» Task inputs

━━━━━━━━

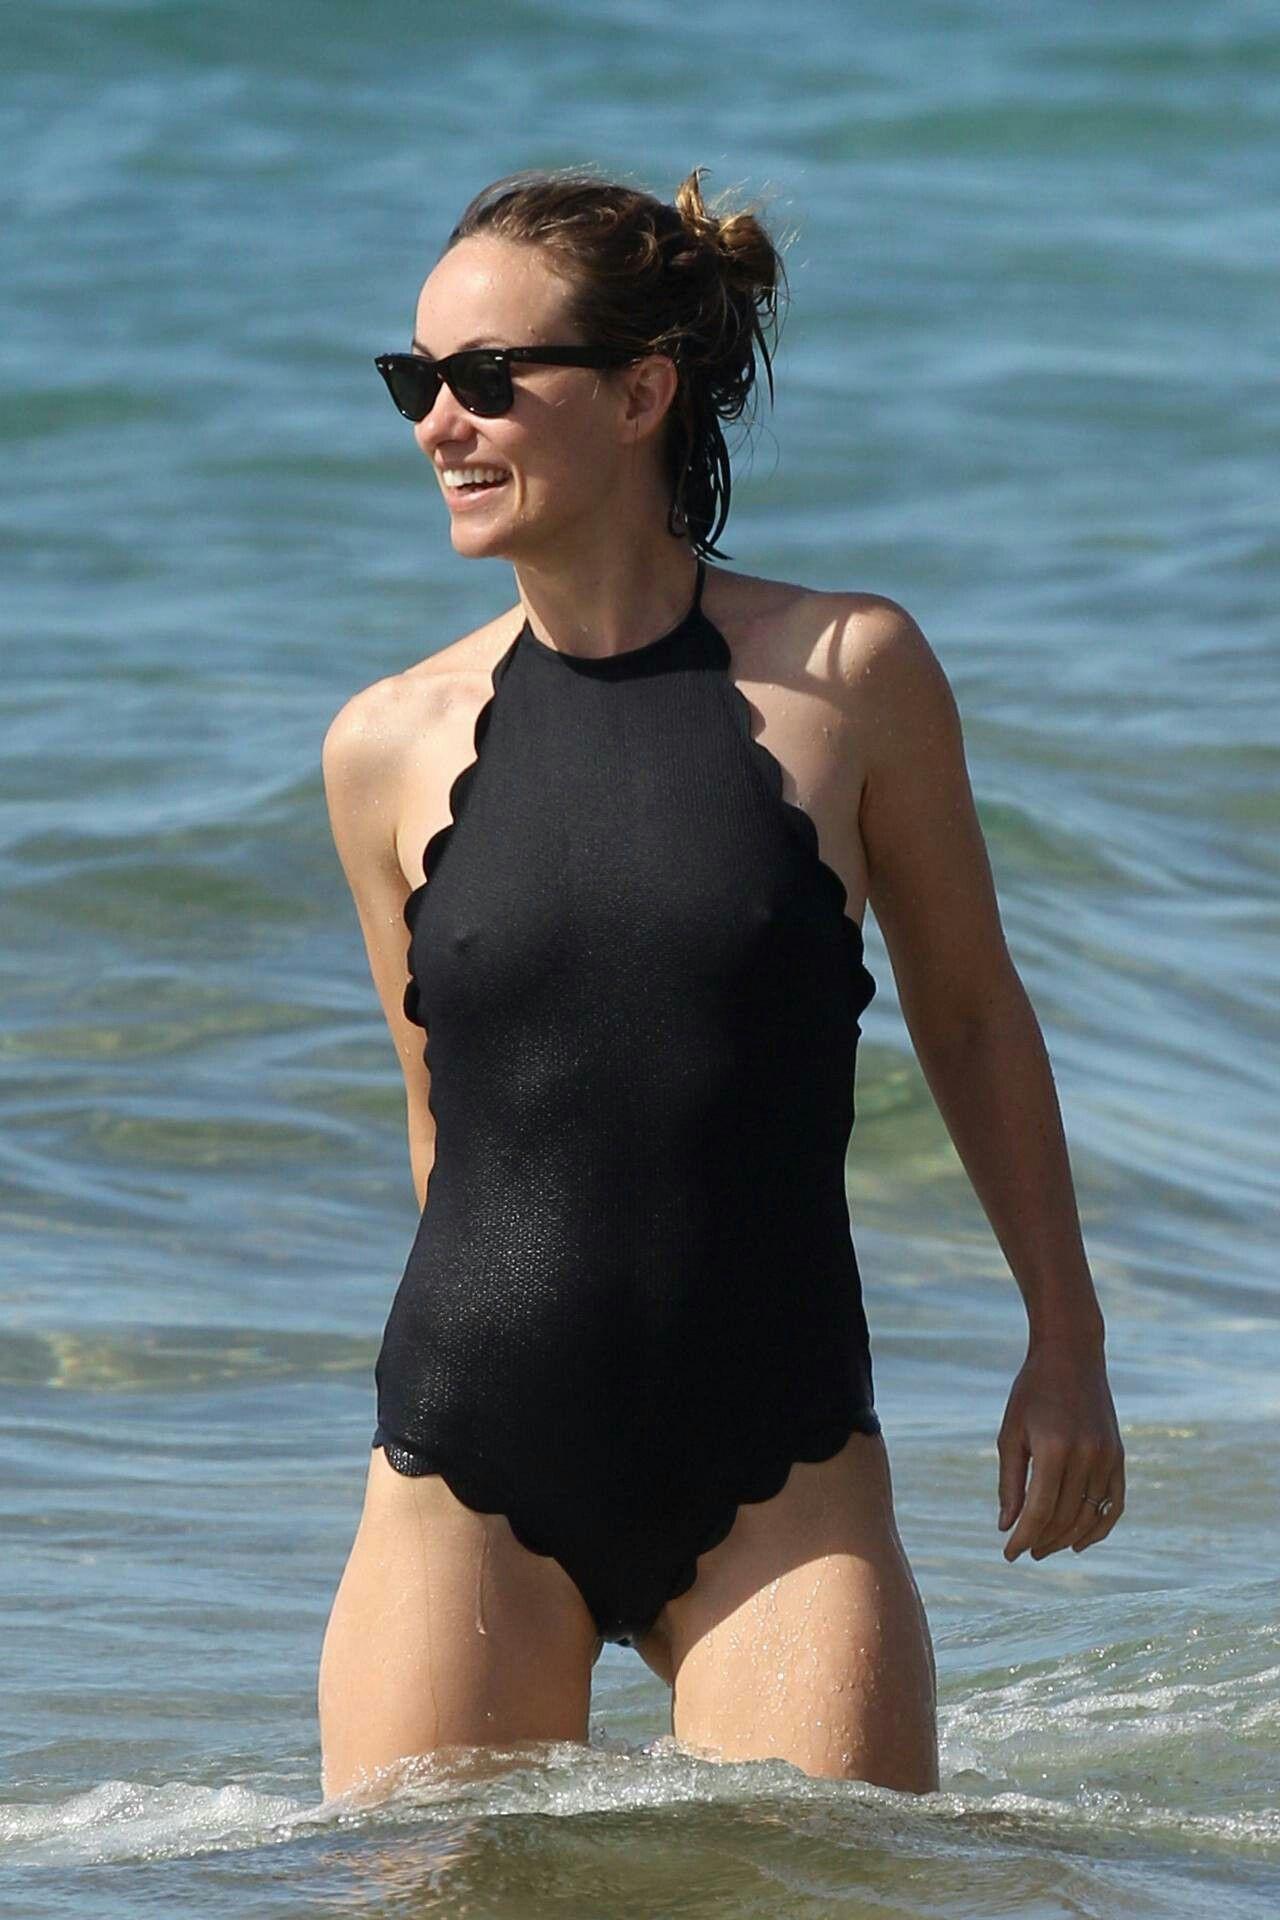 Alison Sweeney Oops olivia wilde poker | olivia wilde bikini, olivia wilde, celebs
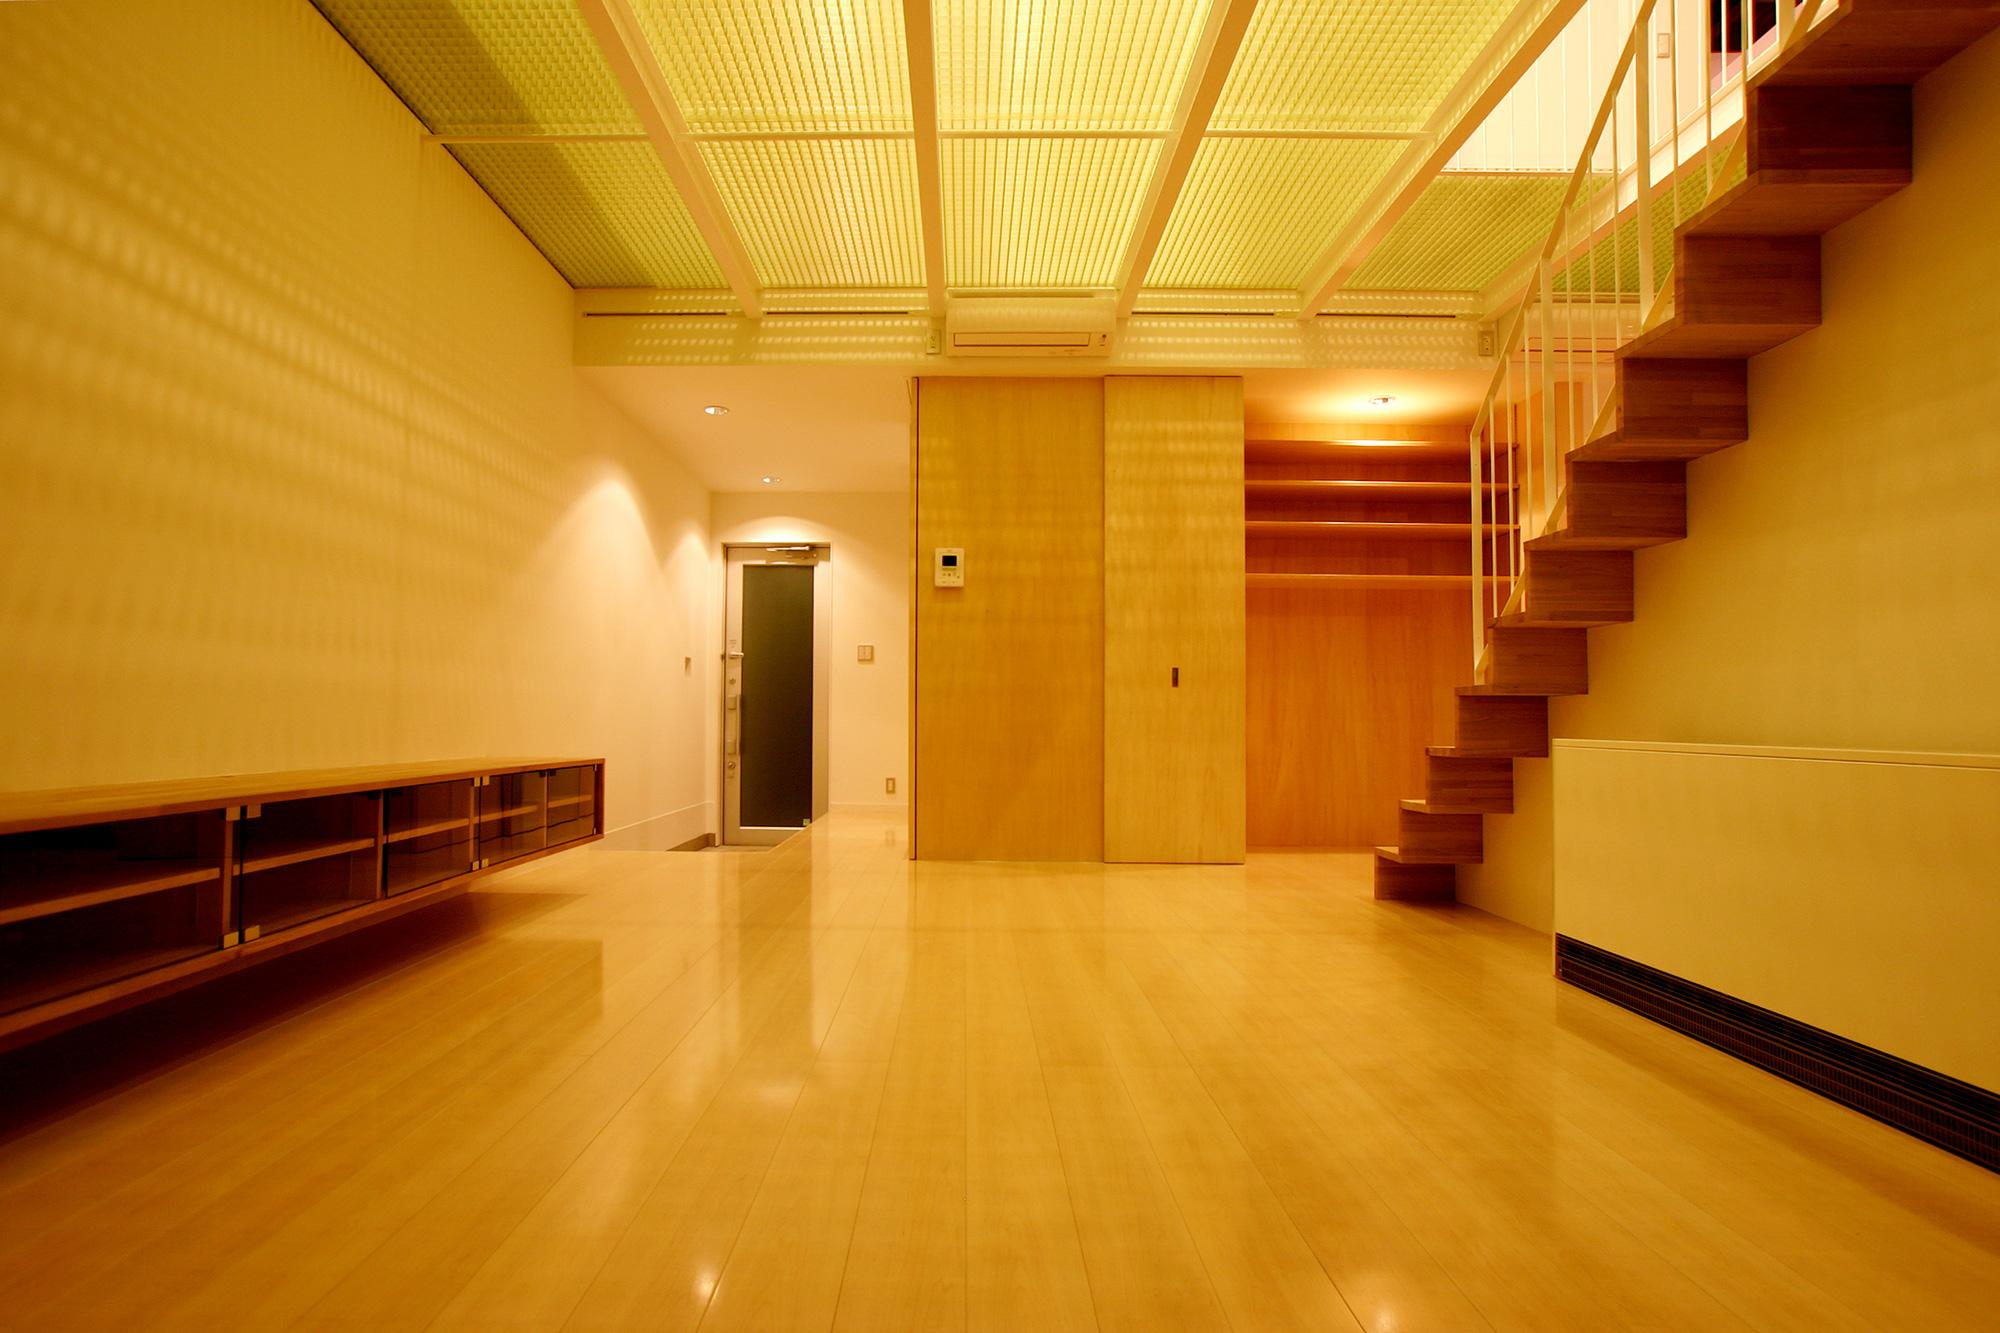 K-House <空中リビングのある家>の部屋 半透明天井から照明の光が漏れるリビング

━━━━━━━━

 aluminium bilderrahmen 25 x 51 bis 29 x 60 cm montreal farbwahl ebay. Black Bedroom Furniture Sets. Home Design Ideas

━━━━━━━━

In the data above, the stretch from the line with "Alison Sweeney Oops" through the line with "K-House <空中リビングのある家>の部屋 半透明天井から照明の光が漏れるリビング" is to be returned exactly, minus any pictures.

» Response to the task
 Alison Sweeney Oops olivia wilde poker | olivia wilde bikini, olivia wilde, celebs
 K-House <空中リビングのある家>の部屋 半透明天井から照明の光が漏れるリビング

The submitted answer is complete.